Start of Input data

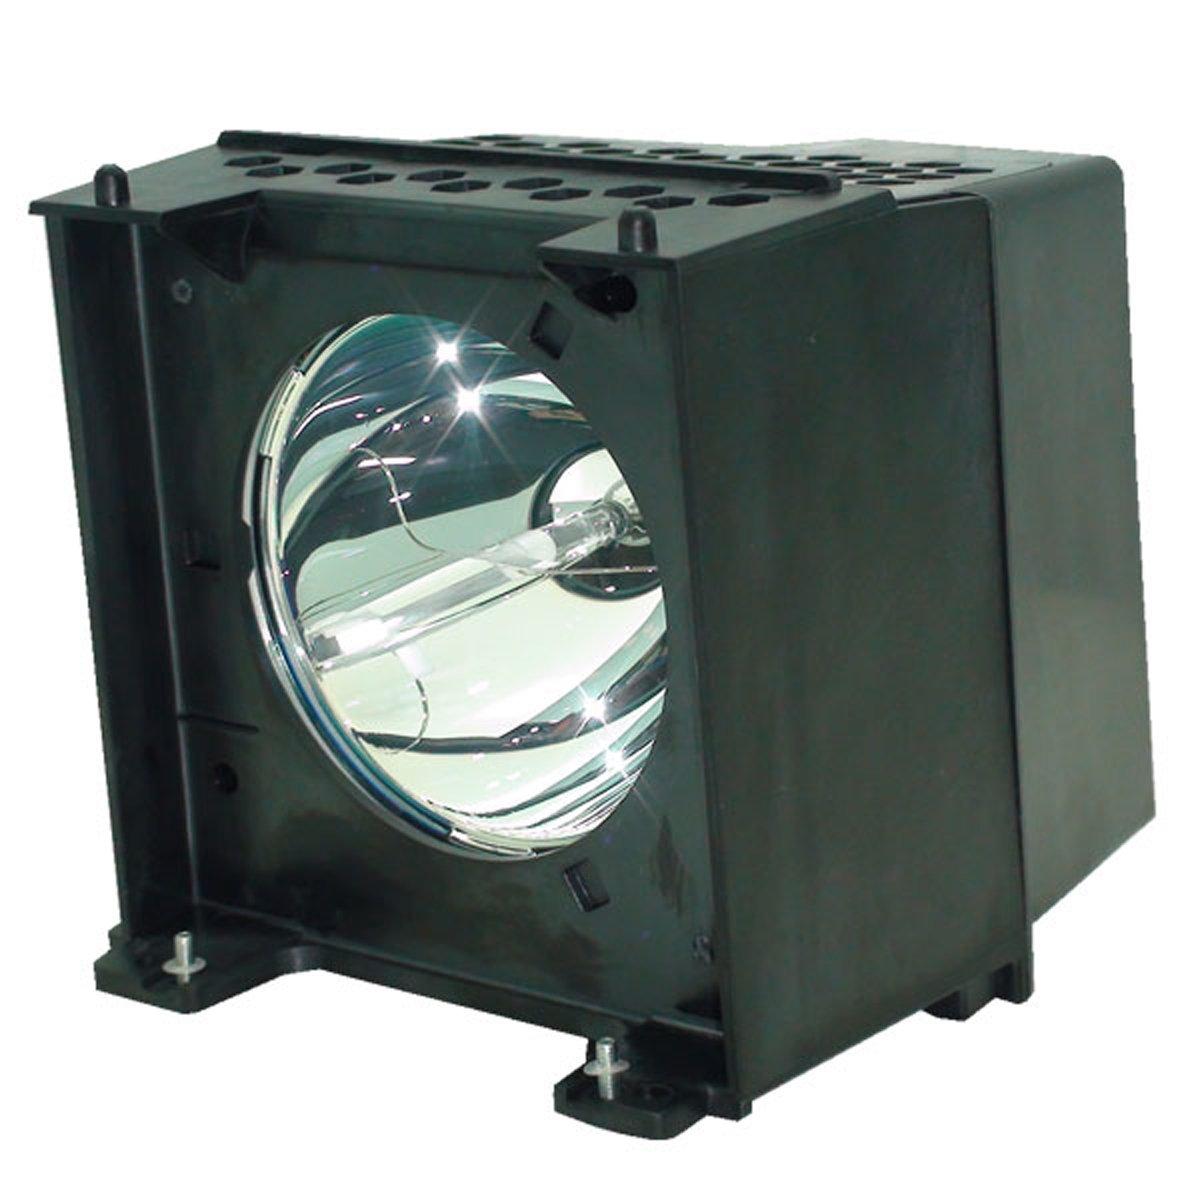 Toshiba y66-lmp DLP / LCDテレビランプwith housing (純正Phoenix Inside )   B01DE9GLOW
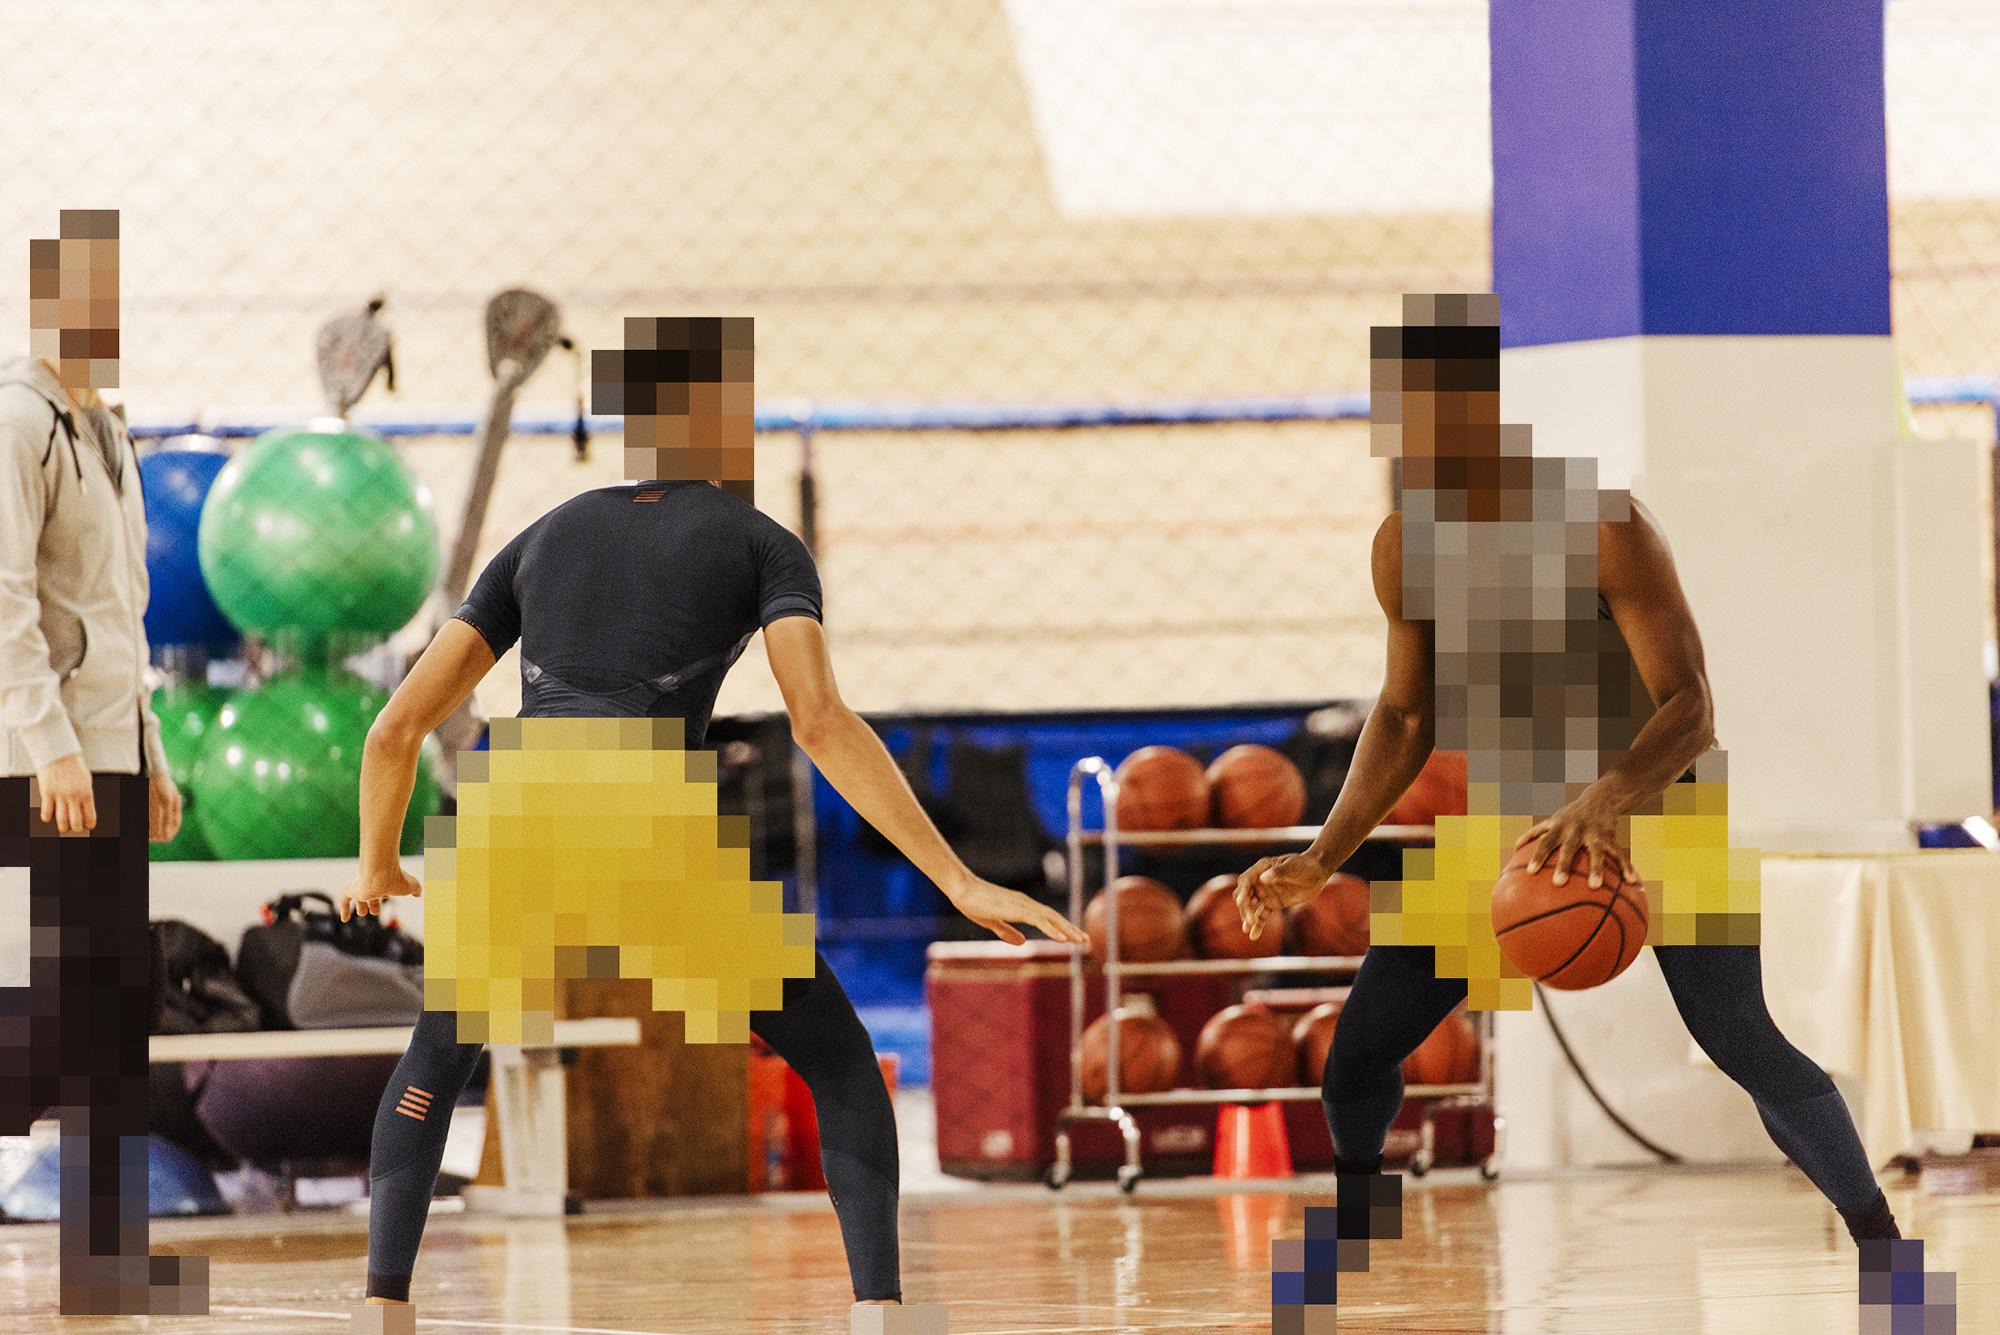 Canziani_Snapbac_Basketball_Nikon-2663_layered_rgb.jpg
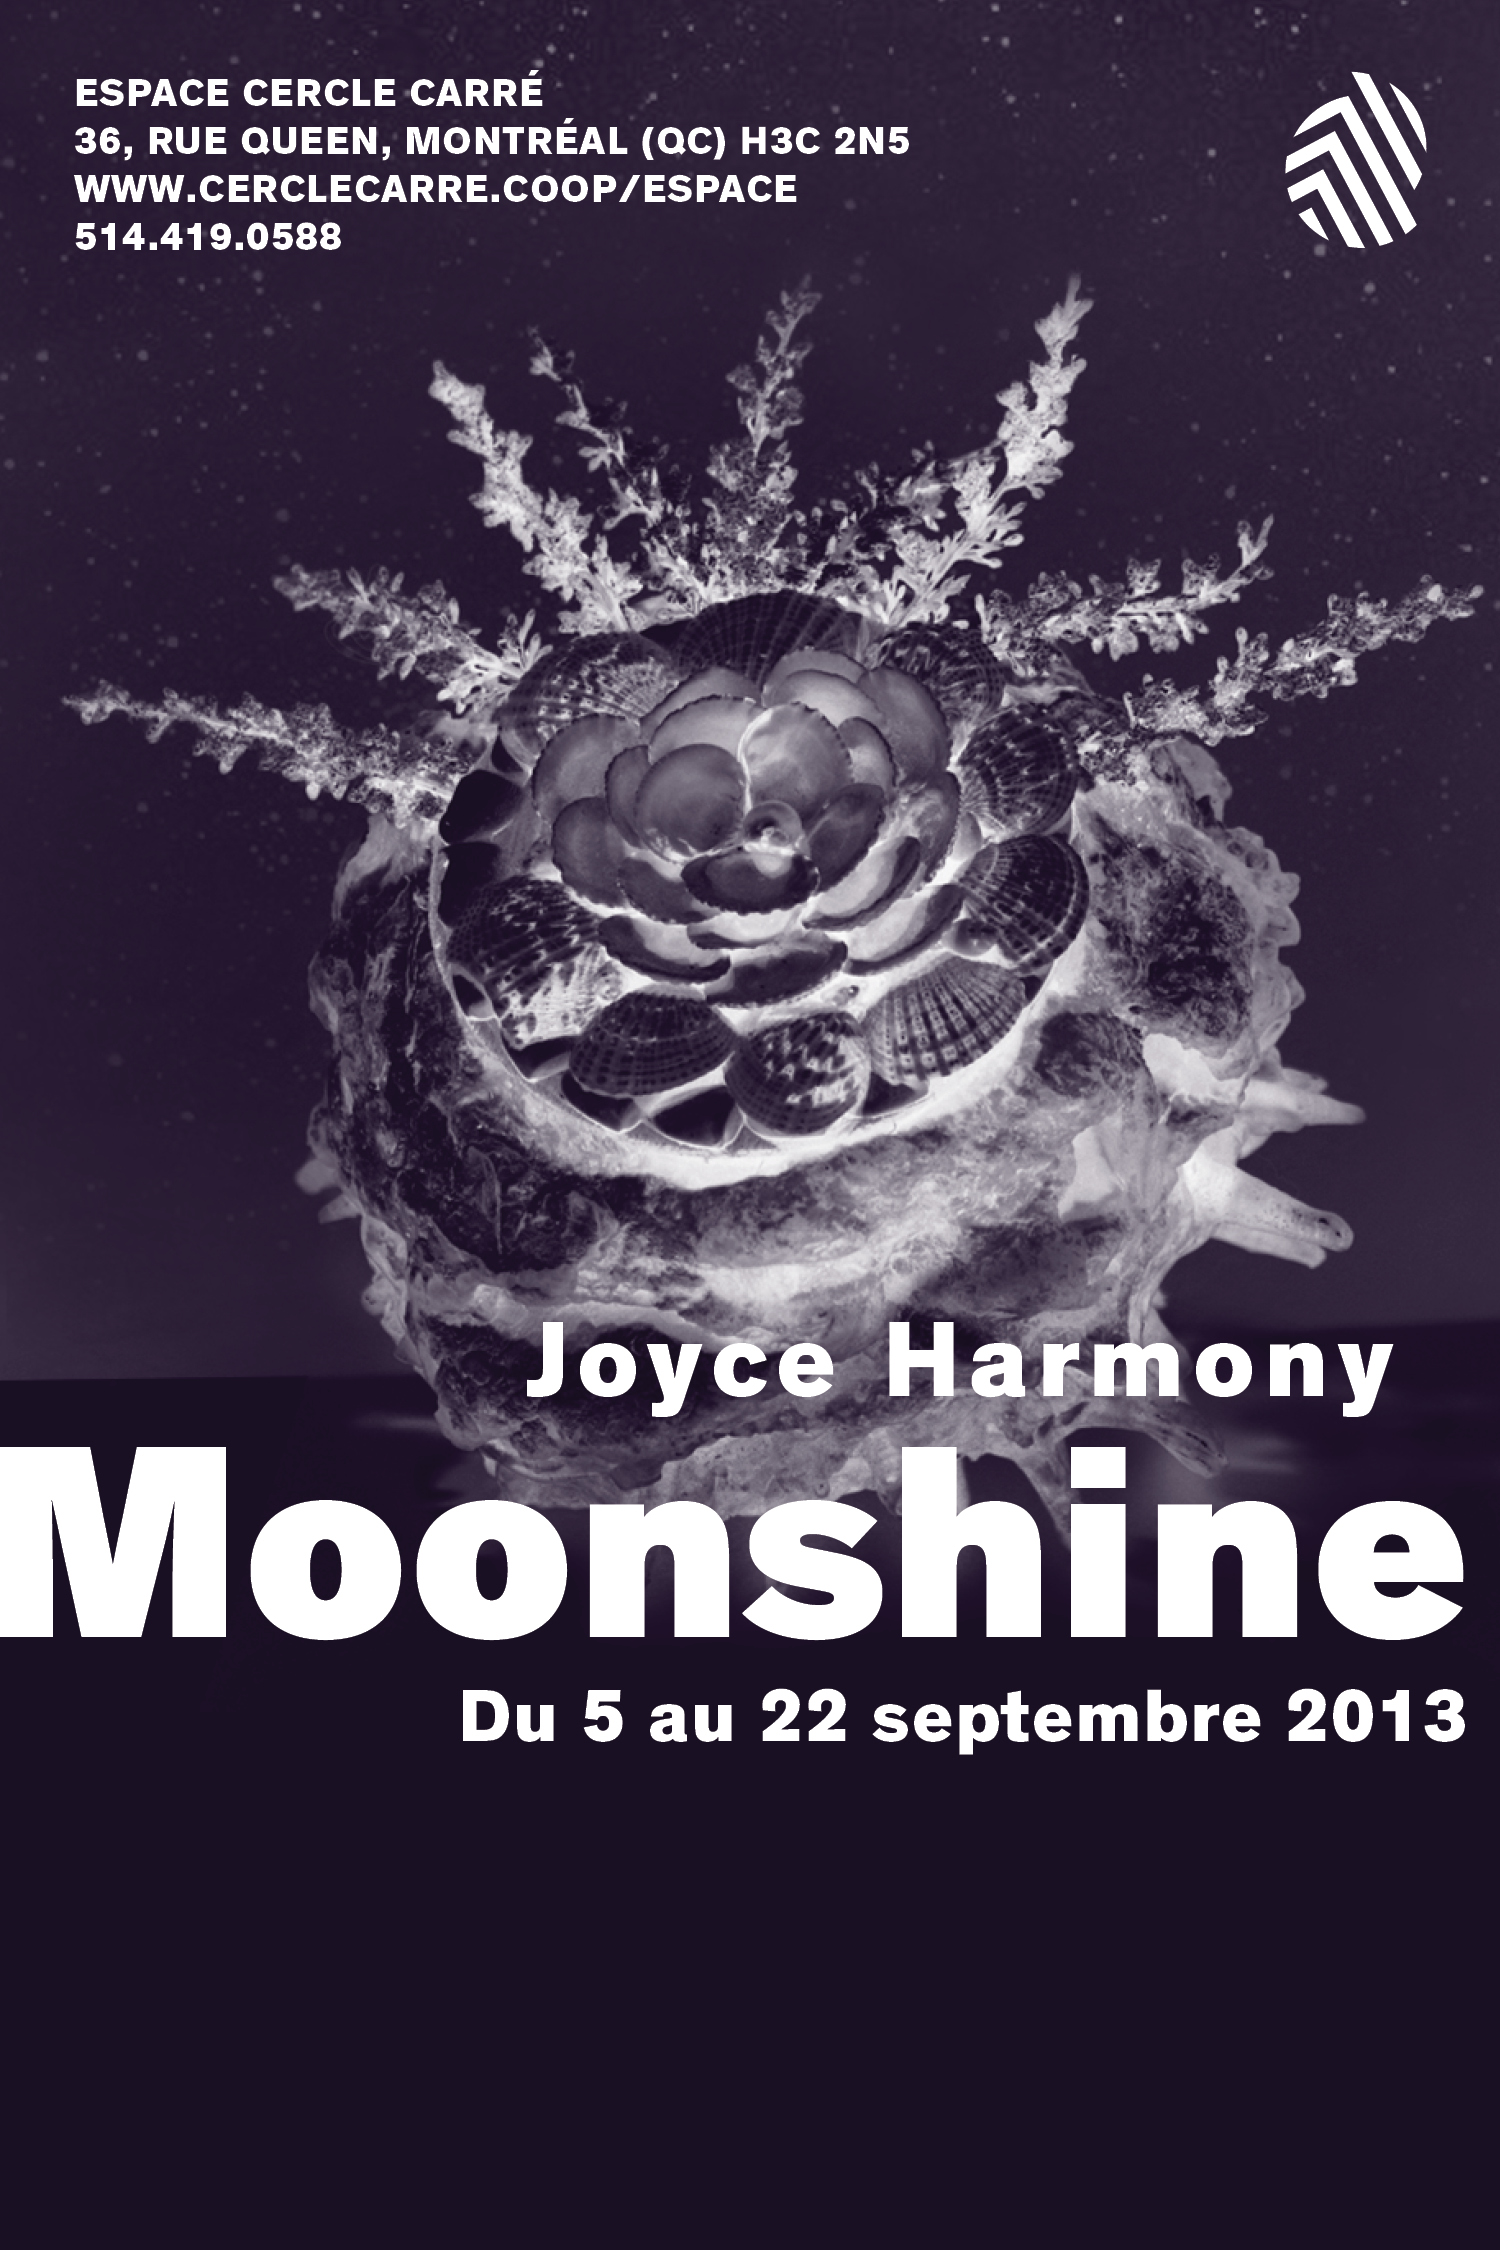 joyce_harmony_invitation_highresolution

End of Input data

# [Activity]
Repeat the material exactly, without images.

# [Final answer]
 Toshiba y66-lmp DLP / LCDテレビランプwith housing (純正Phoenix Inside )   B01DE9GLOW
 Canziani_Snapbac_Basketball_Nikon-2663_layered_rgb.jpg
 joyce_harmony_invitation_highresolution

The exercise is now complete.